A year is a long time for me to have abandoned my life, and it's strange to be back in Boston, trying to find where I fit in the now changed threads of my friends' lives (as a year is a long time for them, too. People often ask me if I'm going to write a book, or stories or anything on my adventures, and I suppose it's a viable option, but in many ways I don't feel ready yet. My friend Rob told me that I'll be finding how this year has changed me years from now, and I agree. I feel like I'm constantly figuring out small changes in myself, but what holds and what doesn't when India is but a far off memory, that's the real test.
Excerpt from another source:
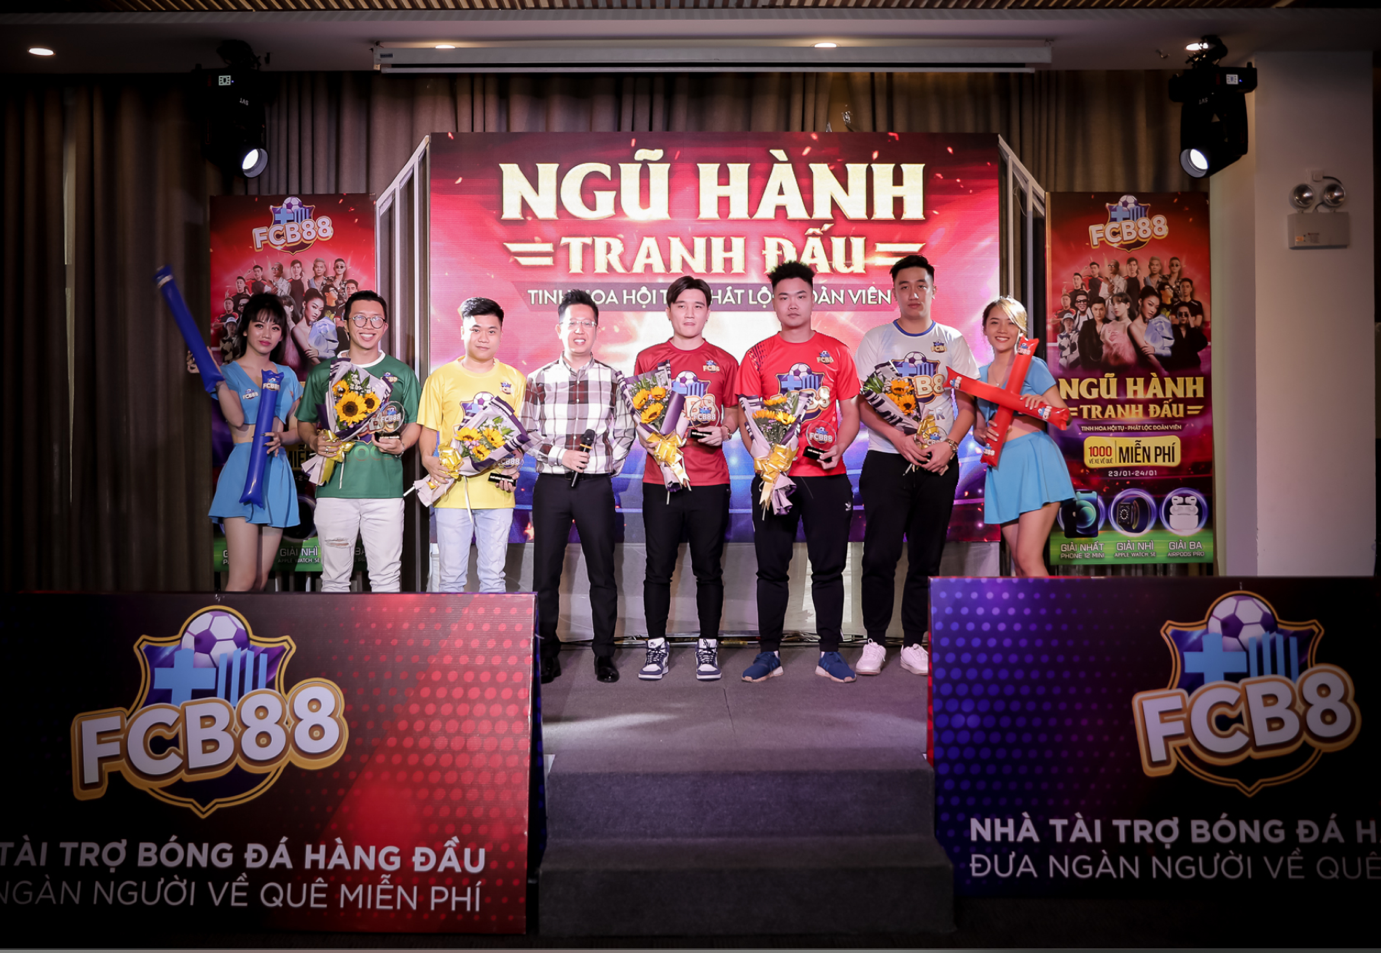 MC Việt Khuê chụp hình cùng 5 gamer nổi tiếng: Tapi Tuấn Anh, Batigol, Đức Anh, Quân Bi, Quang Barca
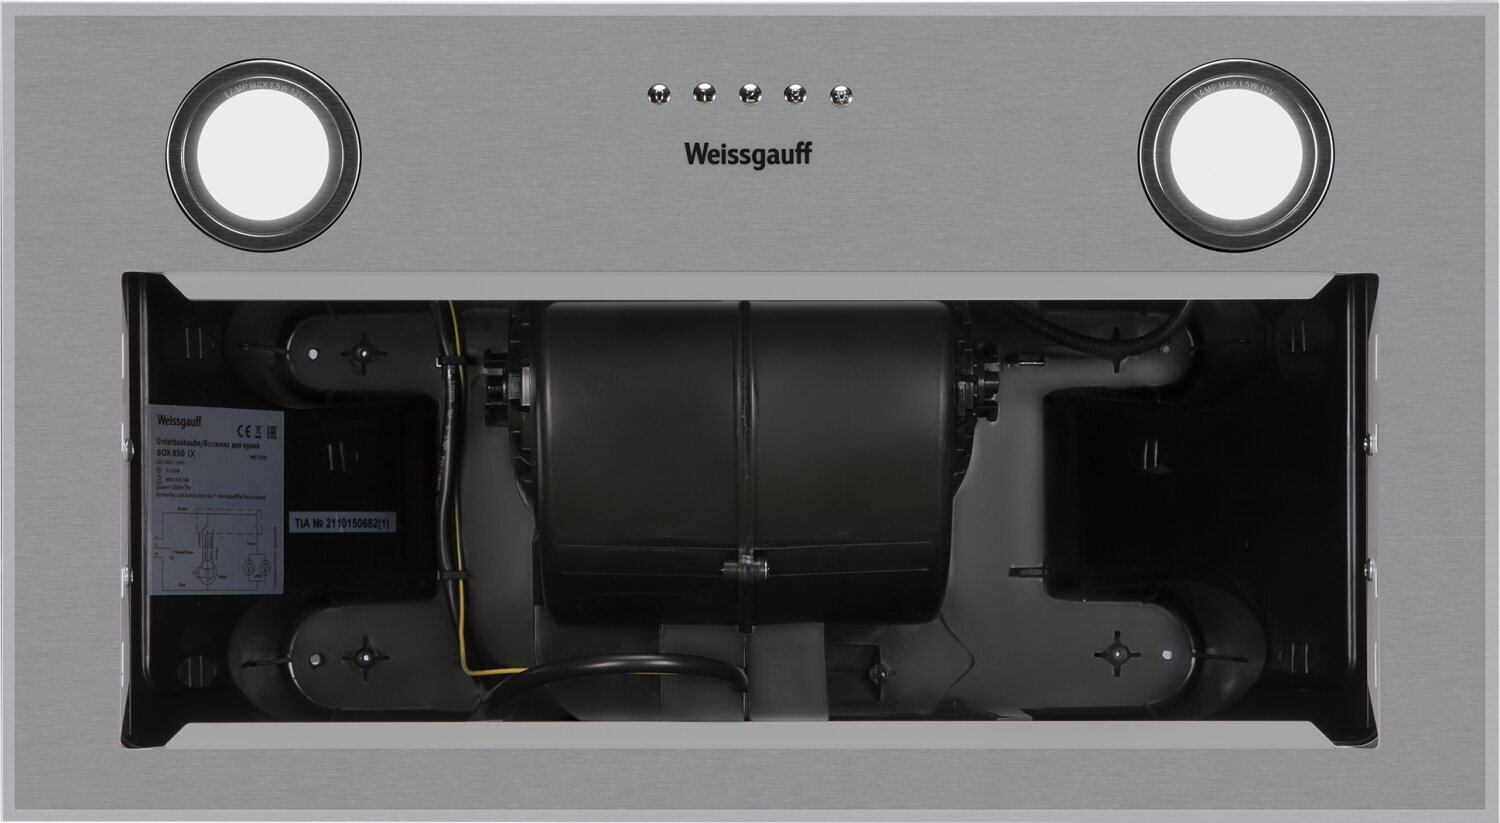 Кухонная встраиваемая вытяжка Weissgauff BOX 850 IX 3 года гарантии, Алюминиевый жировой фильтр, Низкий уровень шума

And so it is that my year has ended. Not with the results or experiences I predicted I would have, but with many more. I've gained friends from all over the world. I've gained confidence in myself, and lost some confidence in people sometimes. I've seen some of the best the world has and some of the worst (sometimes in the same place, at the same time). And I've learned how much I can take and how well I can adapt. More than all that, I've gained India. She is a land of exquisite wealth and exquisite poverty, and I had the fortune to experience a great deal of both. For all the love and hate, it's funny how a place can grow on you. I used to say India was like a fungus to me. At first I hated it, but then it got under my skin and kept growing. OK, I know, not the best analogy, but it's true. My friend Marianne told me, "if you don't run away from India as soon as you set foot on the ground, it will always be a part of you," and she's right. Even now, having been away from India for only a month, I feel an intense desire to return, as though I'm being beckoned by a mother.

And let me tell you, my friends, at that point--the point that began when I got to the airport to leave her land and go off on new adventures and ends seemingly never--that's when I realized why this land is called "Mother India".